I didn’t need to be told twice. I found footholds in the stonework and the tree, hauling myself up and through the window, tumbling gracelessly into his room.
I landed on the floor at his feet. I looked up at him, this beautiful, broken boy, and everything else vanished. The wedding, Rohan, the consequences—none of it mattered. There was only him.
He dropped his crutch with a clatter and sank to his knees in front of me, wincing in pain but ignoring it. His good hand came up to cup my face, his thumb stroking my cheek, wiping away my tears.
“You came,” he whispered, his own eyes glistening. “I was afraid you wouldn’t come.”

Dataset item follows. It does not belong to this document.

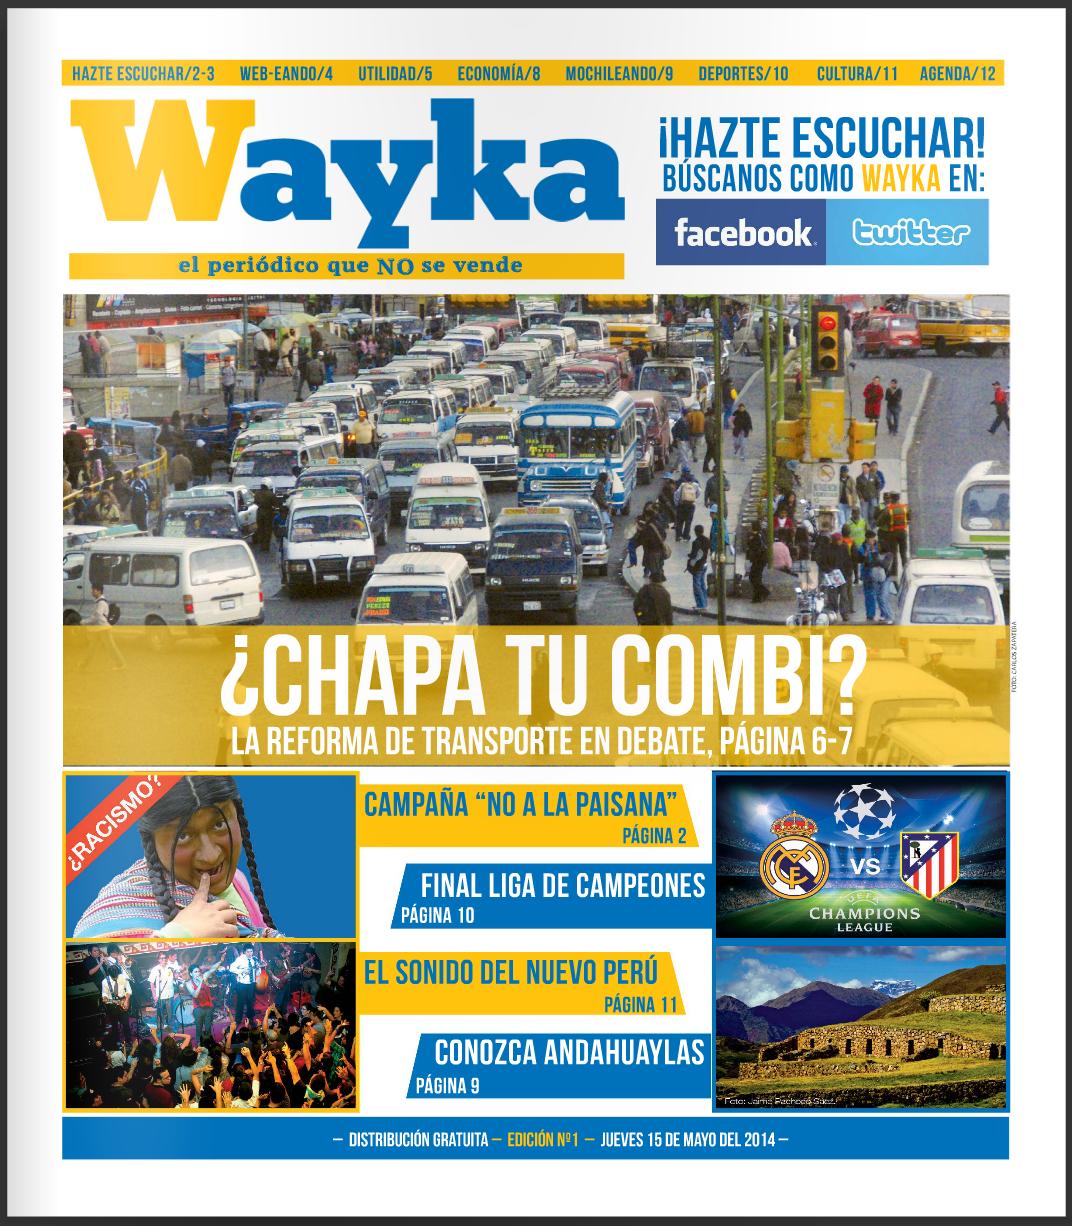 Edición #1: La Reforma de Transporte en Debate

“I will always come for you,” I said, the truth finally, freely spoken. “Always.”
And there, on the floor of his bedroom, surrounded by the evidence of his interrupted life—textbooks, a guitar, a half-built model airplane—we held onto each other as if we were the only two people left in the world. The whispered truths of our hearts were finally louder than the shouted lies of our reality. For this one, stolen moment, we were free.